Normalisation

ER modelling relies primarily on the intuition of the analyst to identify “significant” entities in the environment and represent them as tables. This is clearly not an exact science, and there are lots of opportunities for error. Because relational databases are inherently mathematical, most of these errors can be identified and resolved using some simple rules. In database terminology, this process is called normalisation, because a data structure can be improved by moving through a series of normal forms. Each normal form has certain characteristics which rule out particular types of problem.

Sometimes it can be difficult to understand the need for rules, because so much can be done intuitively, and the remaining problems are minor. Think of it like learning to drive: once you have been driving for a year or two, you instinctively do the right thing at a junction or when you want to overtake the car in front. When you first start, however, you learn to apply a lot of simple procedures such as mirror-signal-manoeuvre (ask a friend about this if you don't drive yourself). Normalisation is a little like this. Once you have built up some experience, you will have an instinctive knowledge of what makes a good database structure. Until then, you need some rules to help you reach a good quality result.

Normalisation is closely related to the idea of efficiency and the elimination of redundancy. This is something that we have mentioned briefly before, but now we will concentrate more on the details. To start with, we can identify three principles of efficient database structures:

Closely related attributes are found in the same relation (table)
Each relation contains a minimum number of attributes
Each attribute value is stored a minimum number of times (ideally only once)

When they are written down, general principles often sound trivial; however, there will be many occasions on which you are faced with a practical question of database design and the answer is not immediately obvious. These general principles are your first line of defence and may allow you to resolve some of those design dilemmas easily.

Normalisation is also related to the idea of data integrity. Whatever the nature of the data being stored, it is important that it is correct, and that all relationships are correctly maintained. Because the job of designing
database is very different from the later use of that database, there are certain types of structural error that are not obvious when you are only dealing with small amounts of test data. The rules of normalisation help you to avoid those errors, and to produce database structures that safeguard data integrity.
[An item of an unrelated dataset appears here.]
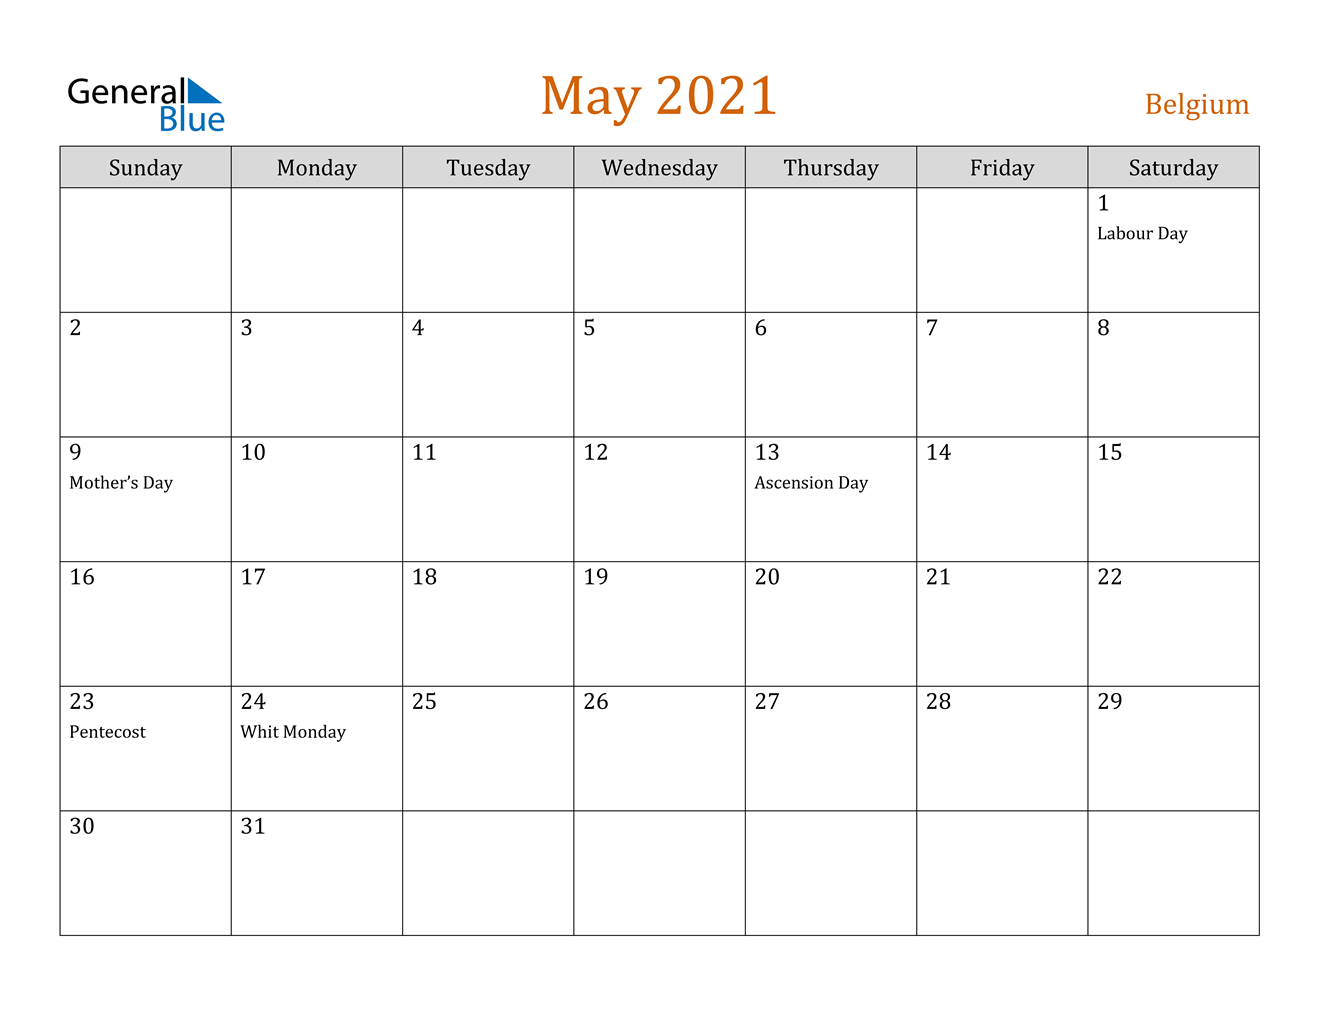 May 2021 Calendar - Belgium

Before getting into the details of the normalisation process, you should be familiar with a few characteristics of attributes.

Atomic or composite?

In less formal data structures (including text files and spreadsheets) convenience is typically the main priority. That is the reason why a spreadsheet might contain a column called address. In a database, however, the principles of efficiency and re-usability are typically more important and the structure can be made more flexible by separating all of the components of the address into different columns (eg, street, area, town, postcode, region, country, etc.). This allows the database user to filter or sort records by these different components in ways that might not be important for the spreadsheet user. Because the address attribute contains a large value that can be split up further, it is called composite. In contrast, the set of attributes which contain only a single value which cannot be sub-divided are called atomic.

Single- or multiple-valued?

Another practice which is convenient in an informal structure is to place multiple values in a single attribute. This might happen for example if you had a spreadsheet for recording staff development activities: every time a staff member completed a training course it could be added to a list contained in a single column. With what you know about database relationships, you should be able to suggest an alternative to this whereby the staff members and training courses are held in separate tables, and a bridge table could be used to record which staff have completed which courses.

Clearly, single-valued attributes are preferable to multi-valued attributes when building database structures. Using multiple-valued attributes would mean that some queries would be impossible, and some details would therefore be inaccessible to the user.

Basic or derived?

Some useful pieces of data are the results of calculations such as the total on a bill (sum of all the items), or the duration of a journey (end time - start time). These are known as derived attributes. In general, only the basic values on which the calculation is based are stored as attributes in a database; derived values are calculated when they are needed.